NEW YORK (AP) — Presidential politics move fast. What we're watching heading into a new week on the 2020 campaign:
Days to Iowa caucuses: 84
Days to general election: 358
Whether he does or doesn't run, New York billionaire Michael Bloomberg has escalated doubts about front-runners Joe Biden and Elizabeth Warren and pushed Democratic anxiety to new heights. There may be more than a dozen candidates still in the race, but several ambitious Democrats who initially opted to bypass a 2020 bid are suddenly being taken seriously as potential candidates. Less than three months before voting begins, the Democratic primary feels increasingly unsettled.
THE BIG QUESTIONS
Bloomberg: Will he or won't he?
He is one of the richest men on the planet and he's taking steps toward making a late entrance in the Democratic primary. Bloomberg's advisers insist that he's yet to make a final decision, so do not assume he will run — especially given the hostile reception he received from some in his adopted party's base. Still, his extraordinary wealth means he can be a major factor in the race.
How much does New Hampshire matter in 2020?
The epicenter of the Democratic primary has clearly shifted to New Hampshire in recent weeks, raising questions about how aggressively candidates will compete in the first-in-the-nation-primary state. This week offers a reminder that the top-tier candidates still have a lot to lose there. The stakes are particularly high for Elizabeth Warren, who is locked in what many consider a must-win contest against progressive rival Bernie Sanders because of their perceived neighbor-state advantage. Warren is scheduled to file her formal candidacy papers in the statehouse on Wednesday. And don't sleep on Pete Buttigieg in New Hampshire. He's starting the week on a bus tour and positioning himself to exceed expectations in the Granite State, even if he doesn't win outright.
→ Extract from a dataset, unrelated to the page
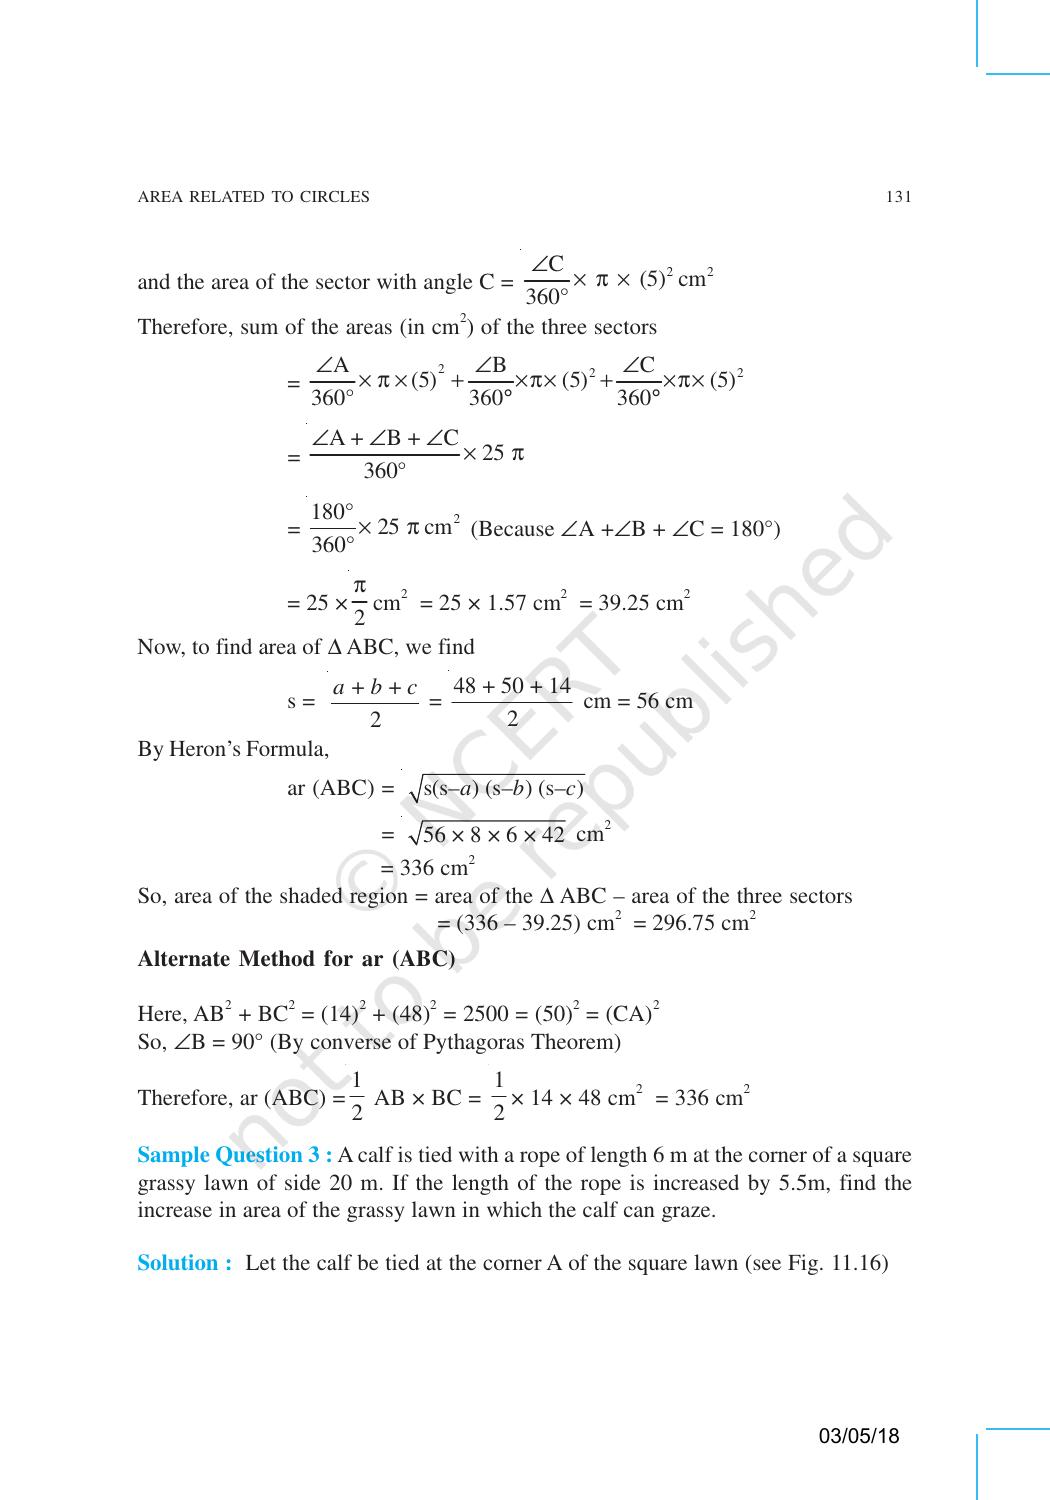 NCERT Exemplar Book for Class 10 Maths: Chapter 11 Areas related to Circles - Page 13
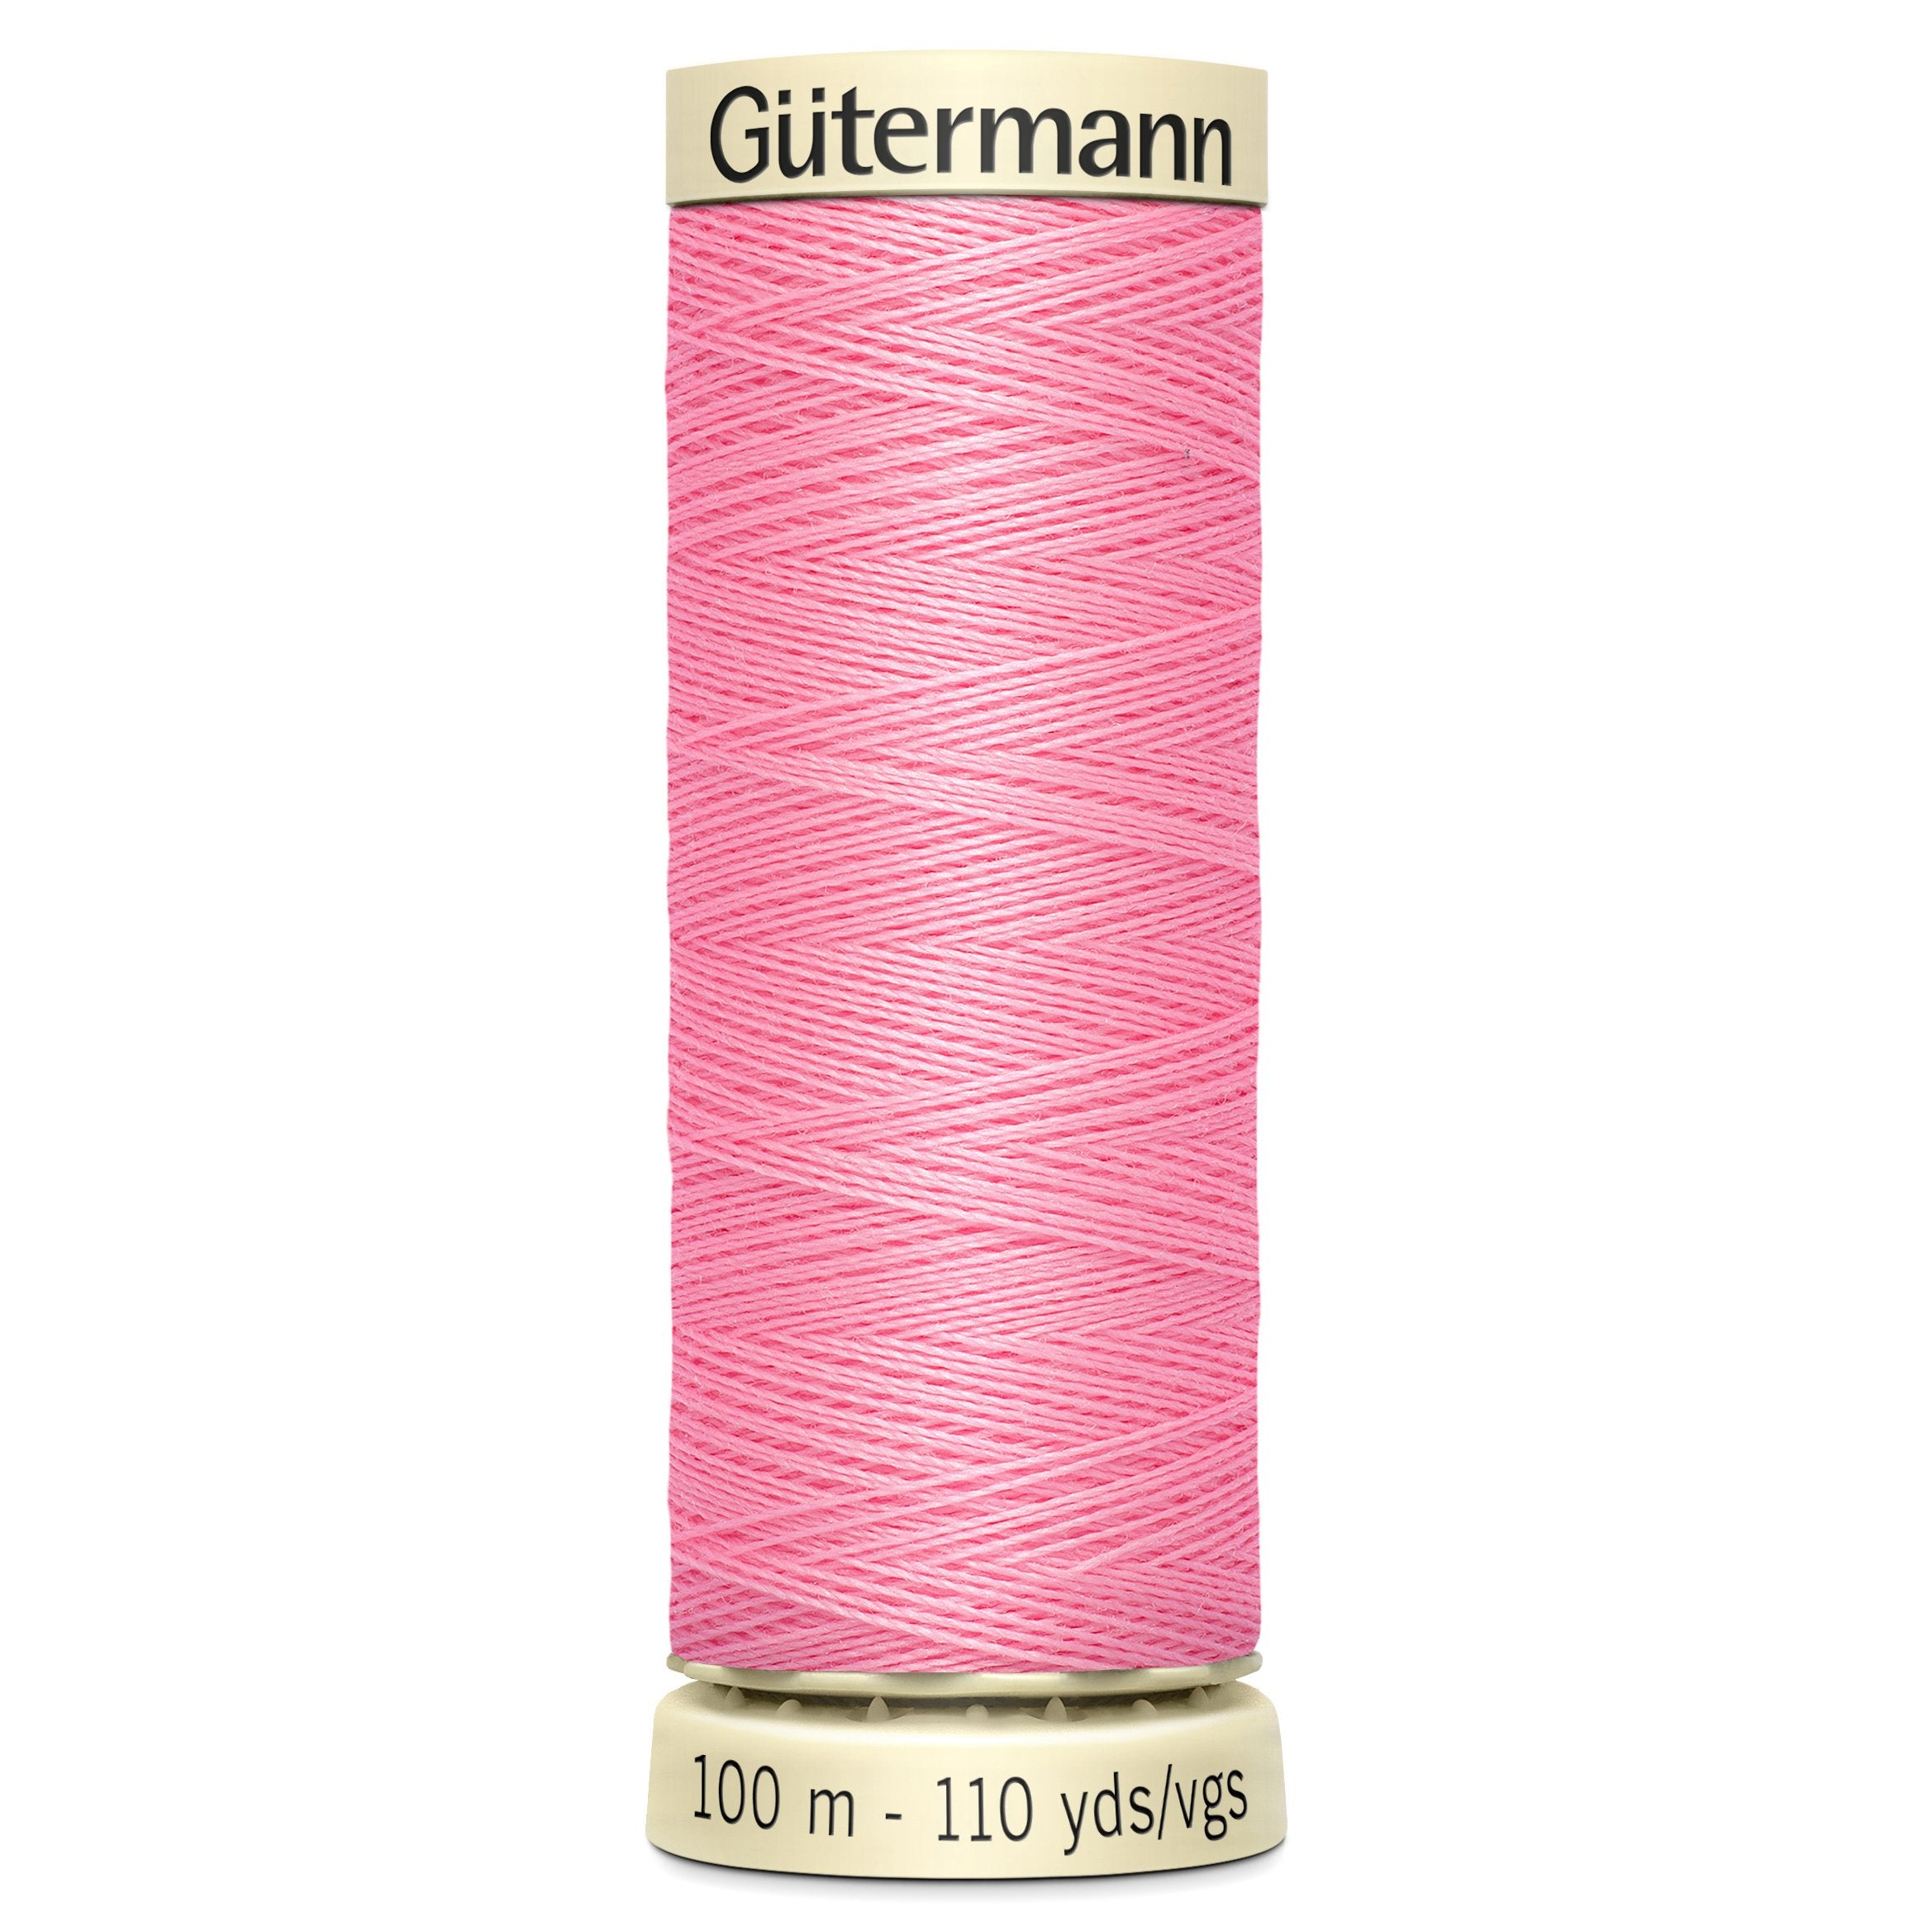 Gutermann Sew All Thread colour 758 Pink from Jaycotts Sewing Supplies

Trump's GOP is losing the suburbs. Do they care?
It's hard to believe that it's only been a week since Democrats scored victories in Virginia, Pennsylvania and Kentucky that highlighted the Republican Party's acute problem in the suburbs. Republican-leaning voters there, particularly women, have been quite clear that they don't like President Donald Trump's leadership and the GOP's position on gun violence, among other issues. Trump and his allies largely ignored the problem in the days immediately after the election. If their silence continues this week, we'll know just how seriously Republicans are taking their suburban problem.
Will the impeachment shadow help or hurt?
The biggest week so far in the Democrats' impeachment inquiry is upon us. Televised hearings beginning on Wednesday will overshadow the 2020 presidential contest for much of the week. The impeachment inquiry effectively froze the Democratic race when it began earlier in the fall, which seemed to benefit Biden. Will that trend continue this week?
This is a big week for Trump primary challengers. Does it matter?
We forgive you for not having this on your calendars, but three Republican presidential candidates are expected to file formal candidacy papers this week in New Hampshire, which has emerged as ground zero for Republican opposition to the Republican president — to the extent it exists anywhere. Former Massachusetts Gov. Bill Weld, former Illinois congressman Joe Walsh and former South Carolina Gov. Mark Sanford have to file by Friday's deadline. It's easy to laugh them off, but their candidacies represent a larger threat to Trump: whether Republicans concerned about the president — and there are many — can be persuaded to show up to vote for him next fall or not.
THE FINAL THOUGHT
The incumbent president is facing an escalating impeachment inquiry and multiple primary challenges, while Bloomberg has exposed major concerns with the Democratic Party's leading candidates. This isn't where either party wants to be.
2020 Watch runs every Monday and provides a look at the week ahead in the 2020 election.